### [TASK INSTRUCTIONS]
Please copy, with no word changed, only the run of lines that opens with the line containing "Poto Ketua KKSS" and closes with the last line below.

** RECORDS SHOWN follows **

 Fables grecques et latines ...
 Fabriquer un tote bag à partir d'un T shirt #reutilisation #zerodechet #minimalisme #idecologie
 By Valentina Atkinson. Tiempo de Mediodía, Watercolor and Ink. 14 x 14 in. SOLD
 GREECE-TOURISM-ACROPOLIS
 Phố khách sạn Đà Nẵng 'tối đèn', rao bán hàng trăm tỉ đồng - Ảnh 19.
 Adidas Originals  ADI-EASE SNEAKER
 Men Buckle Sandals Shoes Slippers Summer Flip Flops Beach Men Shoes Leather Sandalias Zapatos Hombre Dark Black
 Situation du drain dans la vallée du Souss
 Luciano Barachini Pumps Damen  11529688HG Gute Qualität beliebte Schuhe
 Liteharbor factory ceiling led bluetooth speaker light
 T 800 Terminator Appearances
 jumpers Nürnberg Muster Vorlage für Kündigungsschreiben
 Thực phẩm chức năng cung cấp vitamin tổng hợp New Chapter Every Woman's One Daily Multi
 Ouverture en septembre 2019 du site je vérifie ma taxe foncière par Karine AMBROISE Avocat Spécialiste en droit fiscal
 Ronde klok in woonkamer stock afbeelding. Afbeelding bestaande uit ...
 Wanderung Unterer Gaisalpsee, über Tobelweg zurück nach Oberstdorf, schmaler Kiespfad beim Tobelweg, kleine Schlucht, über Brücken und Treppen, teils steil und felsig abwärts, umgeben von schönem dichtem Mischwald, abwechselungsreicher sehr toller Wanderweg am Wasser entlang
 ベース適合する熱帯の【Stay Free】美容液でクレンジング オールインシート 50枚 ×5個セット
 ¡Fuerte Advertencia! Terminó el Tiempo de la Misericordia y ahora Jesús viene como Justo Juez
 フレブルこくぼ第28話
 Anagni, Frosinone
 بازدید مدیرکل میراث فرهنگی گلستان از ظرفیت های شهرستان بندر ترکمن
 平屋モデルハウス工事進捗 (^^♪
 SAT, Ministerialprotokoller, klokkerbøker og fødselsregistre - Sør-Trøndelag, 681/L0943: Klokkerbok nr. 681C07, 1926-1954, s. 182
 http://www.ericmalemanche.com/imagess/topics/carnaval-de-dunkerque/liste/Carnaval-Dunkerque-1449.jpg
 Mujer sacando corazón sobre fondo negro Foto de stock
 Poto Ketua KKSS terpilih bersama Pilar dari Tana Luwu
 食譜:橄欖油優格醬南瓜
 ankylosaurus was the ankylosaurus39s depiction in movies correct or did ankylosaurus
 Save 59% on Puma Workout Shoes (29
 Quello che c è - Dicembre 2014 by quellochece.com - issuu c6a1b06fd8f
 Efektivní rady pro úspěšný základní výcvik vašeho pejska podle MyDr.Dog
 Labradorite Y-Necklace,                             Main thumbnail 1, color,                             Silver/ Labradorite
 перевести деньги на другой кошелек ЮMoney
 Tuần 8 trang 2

** End of RECORDS SHOWN **

### [ANSWER AREA]
 Poto Ketua KKSS terpilih bersama Pilar dari Tana Luwu
 食譜:橄欖油優格醬南瓜
 ankylosaurus was the ankylosaurus39s depiction in movies correct or did ankylosaurus
 Save 59% on Puma Workout Shoes (29
 Quello che c è - Dicembre 2014 by quellochece.com - issuu c6a1b06fd8f
 Efektivní rady pro úspěšný základní výcvik vašeho pejska podle MyDr.Dog
 Labradorite Y-Necklace,                             Main thumbnail 1, color,                             Silver/ Labradorite
 перевести деньги на другой кошелек ЮMoney
 Tuần 8 trang 2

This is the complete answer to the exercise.